BARBERINO DI MUGELLO – Ieri, domenica 22 Dicembre, nelle acque dell’invaso di Bilancino, in zona “Gabbianello”, partendo dallo scolmatore della diga fino ad arrivare al punto in cui il torrente Tavaiano si immette nell’invaso, un tratto di diverse centinaia di metri, sono state rinvenute due lunghe reti da pesca in nylon, una con maglie da 8 centimetri e una con maglie da 9 centimetri; collocate probabilmente nella notte da alcuni bracconieri.
Intorno alle 11,30 alla sede F.I.P.S.A.S. (Federazione italiana pesca sportiva ed attività subacquee) di Moriano è infatti giunta una telefonata da parte di tre pescatori che segnalavano il ritrovamento di due lunghe reti da pesca che avevano già intrappolato numerosi pesci di varia specie, che stavano nel frattempo liberando.
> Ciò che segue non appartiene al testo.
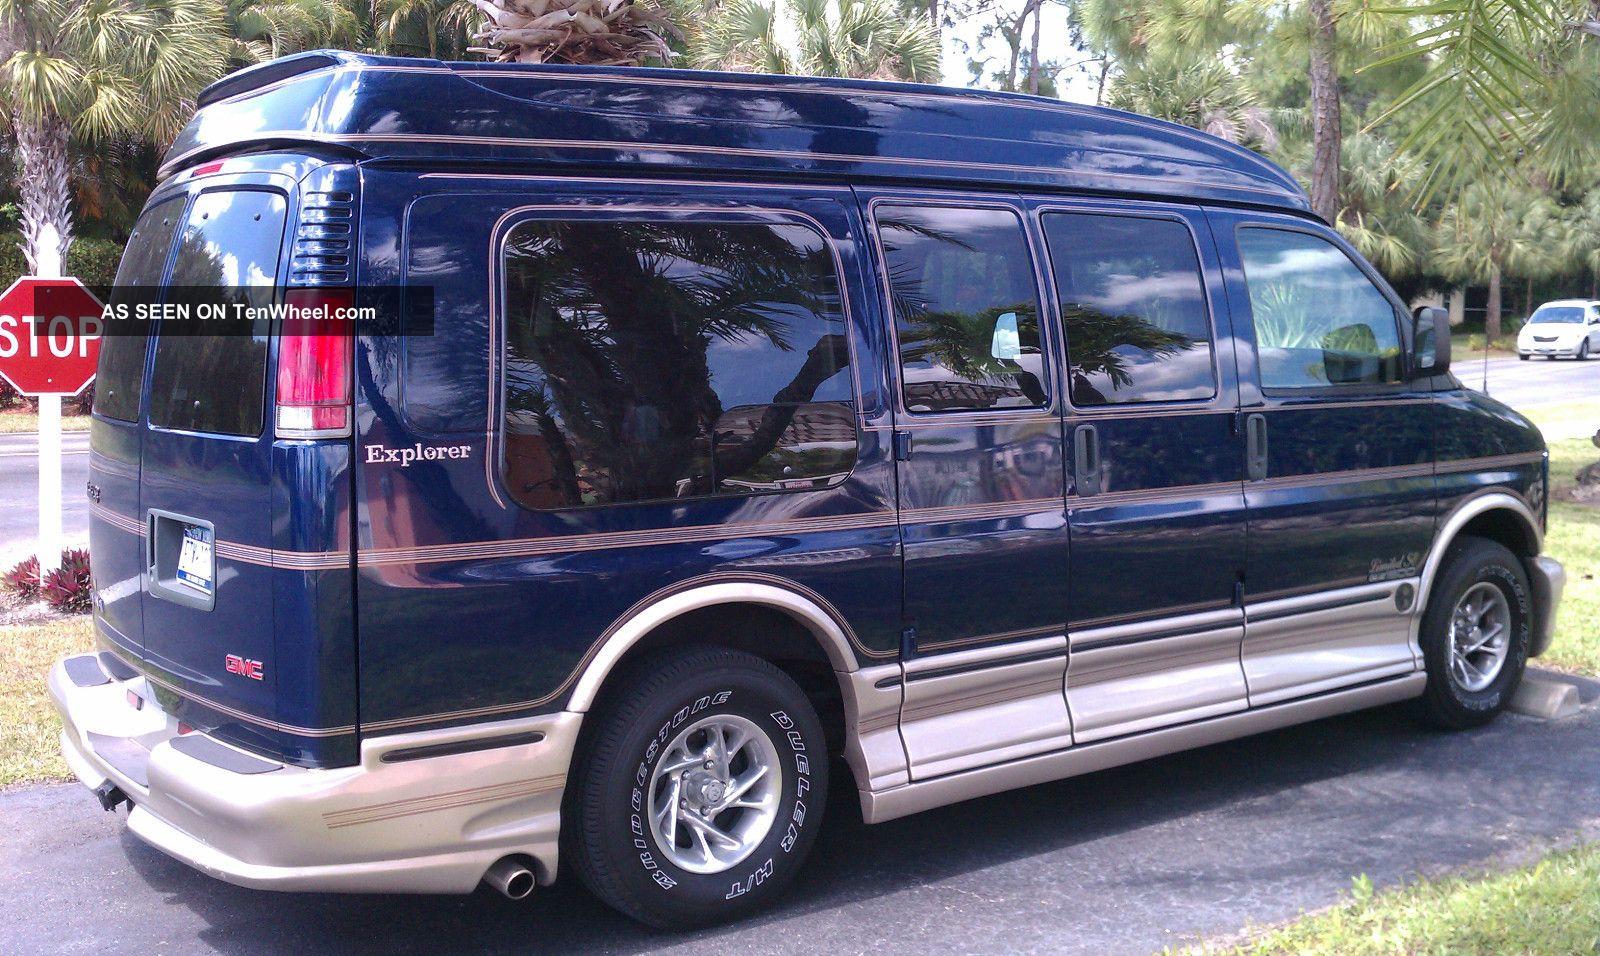 Chevy Gmc Savana 1500 Dodge Ram Van B Series Power Explorer Conversion Wiring Diagram 2001 Base Standard Passenger 3 Door
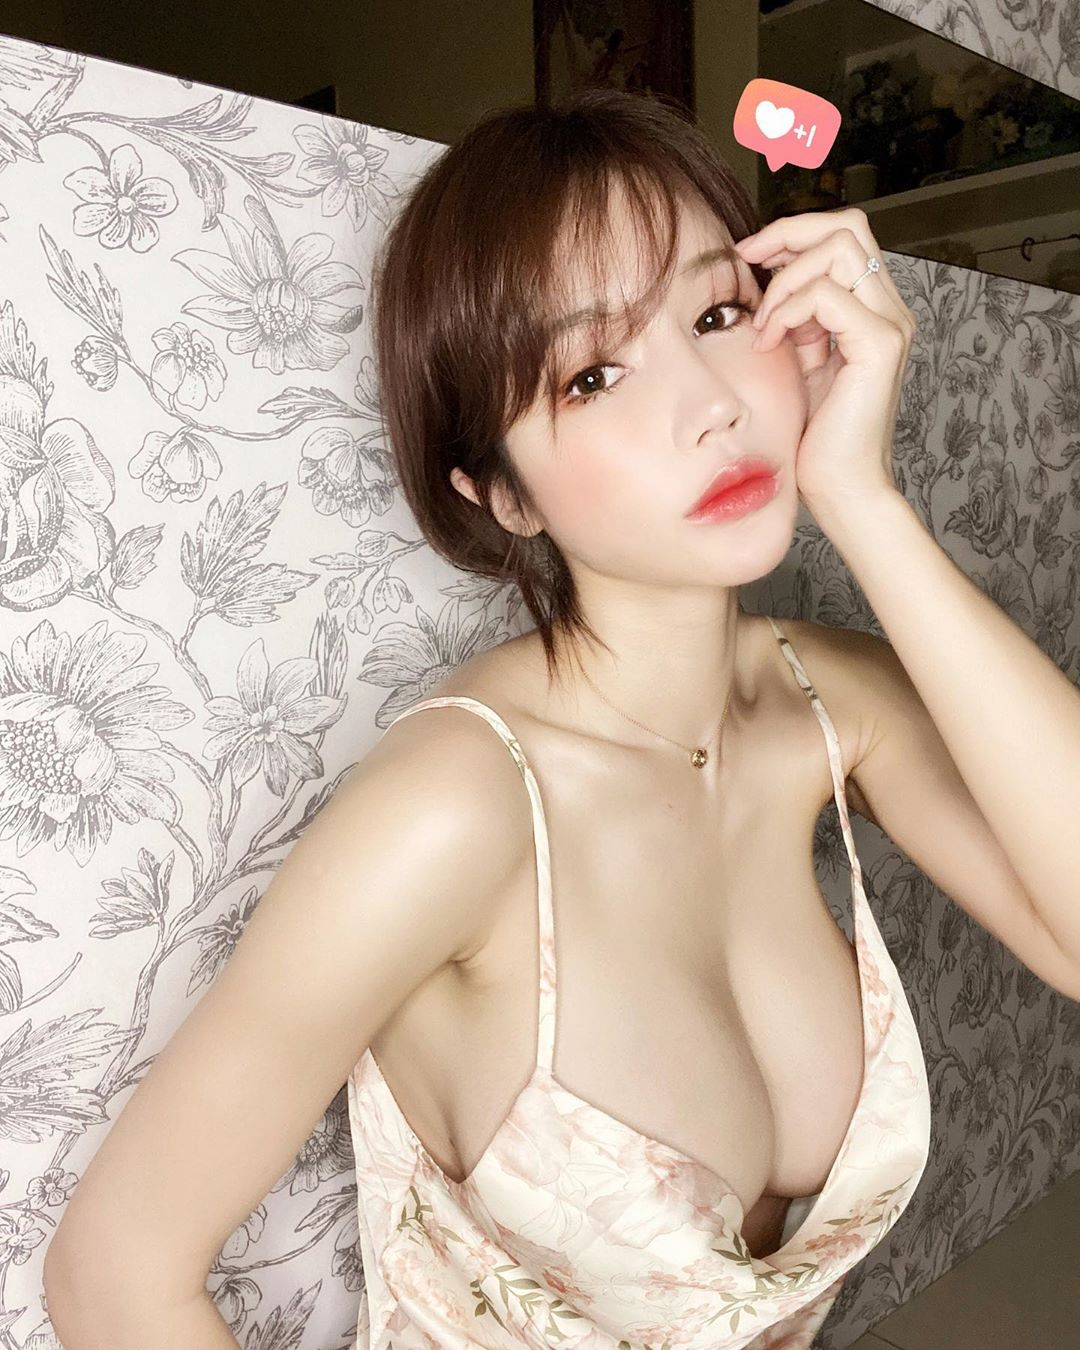 yui_xin__100931307_590247104957267_39320401117773003_n.jpg

Tre guardie ittiche della sezione fiorentina dell’associazione, in servizio al centro Federale che ha la sede proprio sul lago di Bilancino, hanno risposto alla chiamata intervenendo sul luogo del ritrovamento. Arrivati in zona “Gabbianello” grazie al prezioso contributo dei tre pescatori, le reti sono state prelevate e trasportate al centro Federale e sottoposte a sequestro.
Nel frattempo sono stati avvisati del ritrovamento anche i Carabinieri Forestali della stazione di Barberino di Mugello che erano in servizio e che hanno potuto constatare il ritrovamento delle reti.
“Ringraziamo l’Arma dei Carabinieri – spiegano dalla Fipsas – per l’importante contributo che giornalmente dedica al controllo del nostro territorio. Questa sinergia è uno dei motivi alla base della richiesta del Comitato regionale Toscana Fipsas di apertura della pesca con esche artificiali anche dal 1° gennaio al 1° aprile, purtroppo ancora inascoltato dalla Regione Toscana. Per fortuna – aggiungono – questa volta l’azione distruttiva del bracconaggio è stata resa vana ed è stato grazie alla presenza dei pescatori sportivi che, con grande prontezza hanno informato gli organi preposti alla vigilanza e al controllo. La presenza dei pescatori sportivi è sempre importante perché sono loro le prime vedette e sono loro i primi a volere che le nostre acque non siano
continuamente violentate e deturpate da personaggi senza rispetto. La sezione provinciale della Fipsas di Firenze – concludono – che conduce da anni un controllo delle acque di bilancino e della Sieve, già da tempo aveva avuto delle avvisaglie con numerosi avvistamenti notturni di “personaggi” in giro per le sponde del lago. Dopo questo ritrovamento saranno intensificati i controlli sia diurni che notturni da parte delle guardie ittiche Fipsas che da parte delle forze dell’ordine, perché l’attività illegale e distruttiva del bracconaggio possa avere la risposta che merita”.
Ricordiamo che il reato di bracconaggio ittico con l’uso di strumenti non atti alla pesca sportiva ricreativa, non sono più un reato amministrativo, ma penale, reato perciò punibile non soltanto con una sanzione amministrativa che può raggiungere le migliaia di euro, ma prevede anche il sequestro, sia degli strumenti utilizzati, sia dei mezzi impiegati, che siano barche, furgoni o automobili”.